Without any API keys, PEFA still performs:
- Header-based SPF/DKIM/DMARC checks
- Link analysis (mismatches, brand impersonation, homoglyphs, suspicious TLDs)
- Sender spoofing detection
- Urgency language scanning
- Attachment threat assessment
- Language quality analysis
- Threat scoring (0–100)

Adding API keys progressively enriches the report:

| APIs Configured | Additional Report Sections |
|---|---|
| *(none)* | Base analysis with all local checks |
| + `GEMINI_API_KEY` | AI Assessment panel with verdict, confidence, attack classification |
| + `VT_API_KEY` | IOC table with VirusTotal detection counts per indicator |
| + `ABUSEIPDB_API_KEY` | IP abuse confidence scores in IOC table |
| + `OTX_API_KEY` | Threat intelligence pulse counts in IOC table |
| + `URLSCAN_API_KEY` | URL reputation verdicts in link analysis section |
| + `MXTOOLBOX_API_KEY` | Deep DNS validation results in authentication section |

## 🏗️ Architecture

```
.eml file → parser.py → pipeline.run_analysis() → PageRenderer.build() → Playwright → .png/.html
```

```
pefa/
├── cli.py                  # CLI argument parsing and entry point
├── parser.py               # .eml parsing and header extraction
├── pipeline.py             # Analysis orchestrator
├── scoring.py              # Weighted threat score calculation
├── highlighting.py         # Email body highlighting (urgency keywords, suspicious links)
├── constants.py            # TLDs, shorteners, extensions, regex patterns, homoglyphs
├── deps.py                 # Centralized optional dependency imports
├── analyzers/
│   ├── links.py            # LinkAnalyzer — URL and domain analysis
│   ├── sender.py           # SenderAnalyzer — spoofing and impersonation
│   ├── urgency.py          # UrgencyAnalyzer — pressure language patterns
│   ├── attachments.py      # AttachmentAnalyzer — file threat assessment
│   ├── language.py         # LanguageAnalyzer — text quality and encoding
│   └── ioc_consolidator.py # IOC extraction and enrichment
├── api/
│   ├── ip_lookup.py        # IP geolocation (ip-api.com)
│   ├── gemini.py           # Google Gemini AI assessment
│   ├── urlscan.py          # urlscan.io domain reputation
│   ├── mxtoolbox.py        # SPF/DKIM/DMARC validation
│   ├── whois_client.py     # Domain WHOIS lookup
│   ├── virustotal.py       # VirusTotal IOC lookup
│   ├── abuseipdb.py        # AbuseIPDB IP reputation
│   └── alienvault.py       # AlienVault OTX intelligence
├── renderers/
│   ├── page.py             # Full HTML page assembly
│   └── widgets/            # 13 analysis section widgets
└── templates/
    ├── css/                # Dark theme, interactive styling
    └── js/                 # Section navigation, animations, interactivity
```

## 📤 Output

🖼️ **PNG mode** (default) produces a single infographic image containing all analysis sections: threat gauge, sender analysis, authentication status, link flags, urgency patterns, attachments, domain age, delivery path, IP geolocation, and the rendered email body in a sandboxed frame.
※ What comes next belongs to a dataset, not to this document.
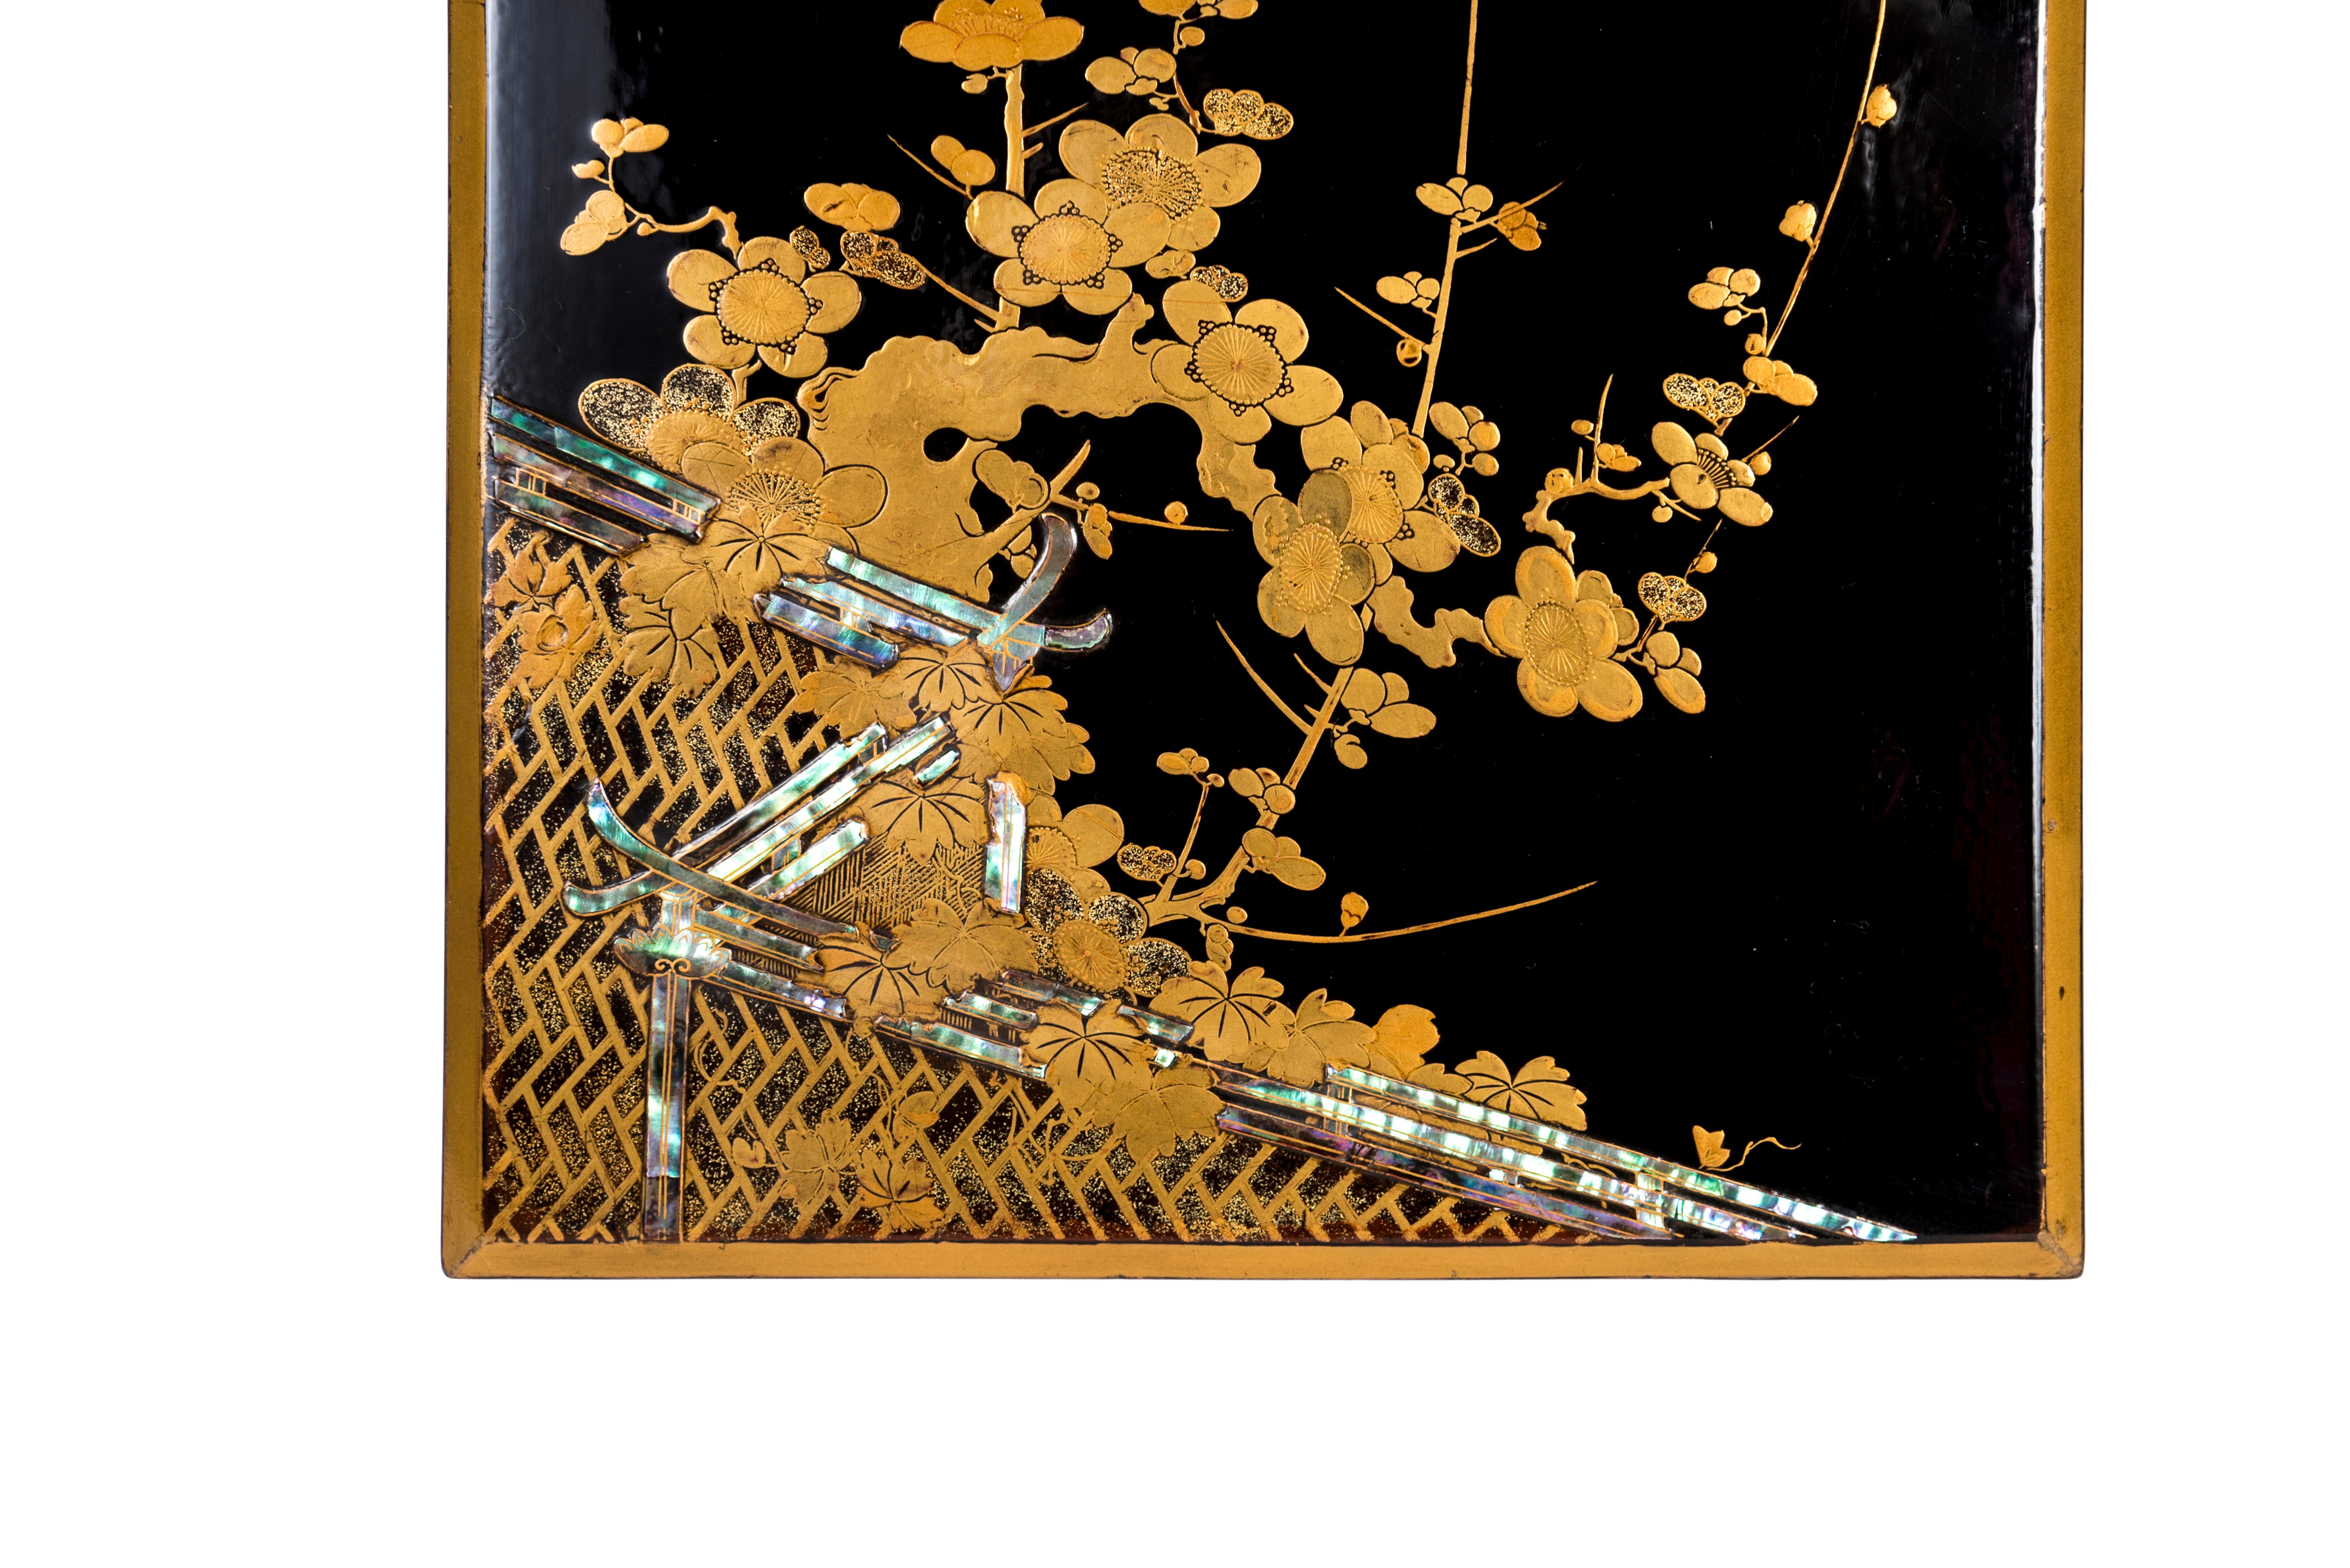 Schwarz-goldene Maki-e- und Hirame-ji-Lackdose, die einen blühenden Pflaumenbaumzweig darstellt, der sich in einer niedrigen Mauer verfangen hat, hervorgehoben durch Perlmutteinlagen (Raden).
Innenhülle aus Nashi-ji-Lack mit Mizuhiki-Fäden und

📊 **HTML mode** (`--html`) additionally produces an interactive report with collapsible sections, scroll-spy navigation, animated gauges, copy-to-clipboard for IOCs, and download/print buttons.

🌐 **Web UI** (`--web`) serves a browser-based interface for uploading `.eml` files and viewing analysis results interactively without needing Playwright installed on the client.

## 🧪 Sample Emails

The `samples/` directory contains example phishing emails (419 scams, social engineering, impersonation) for testing. Pre-generated reports are available in [`examples/`](examples/).

```bash
pefa samples/
```

## 📄 License

See [pyproject.toml](pyproject.toml) for package metadata.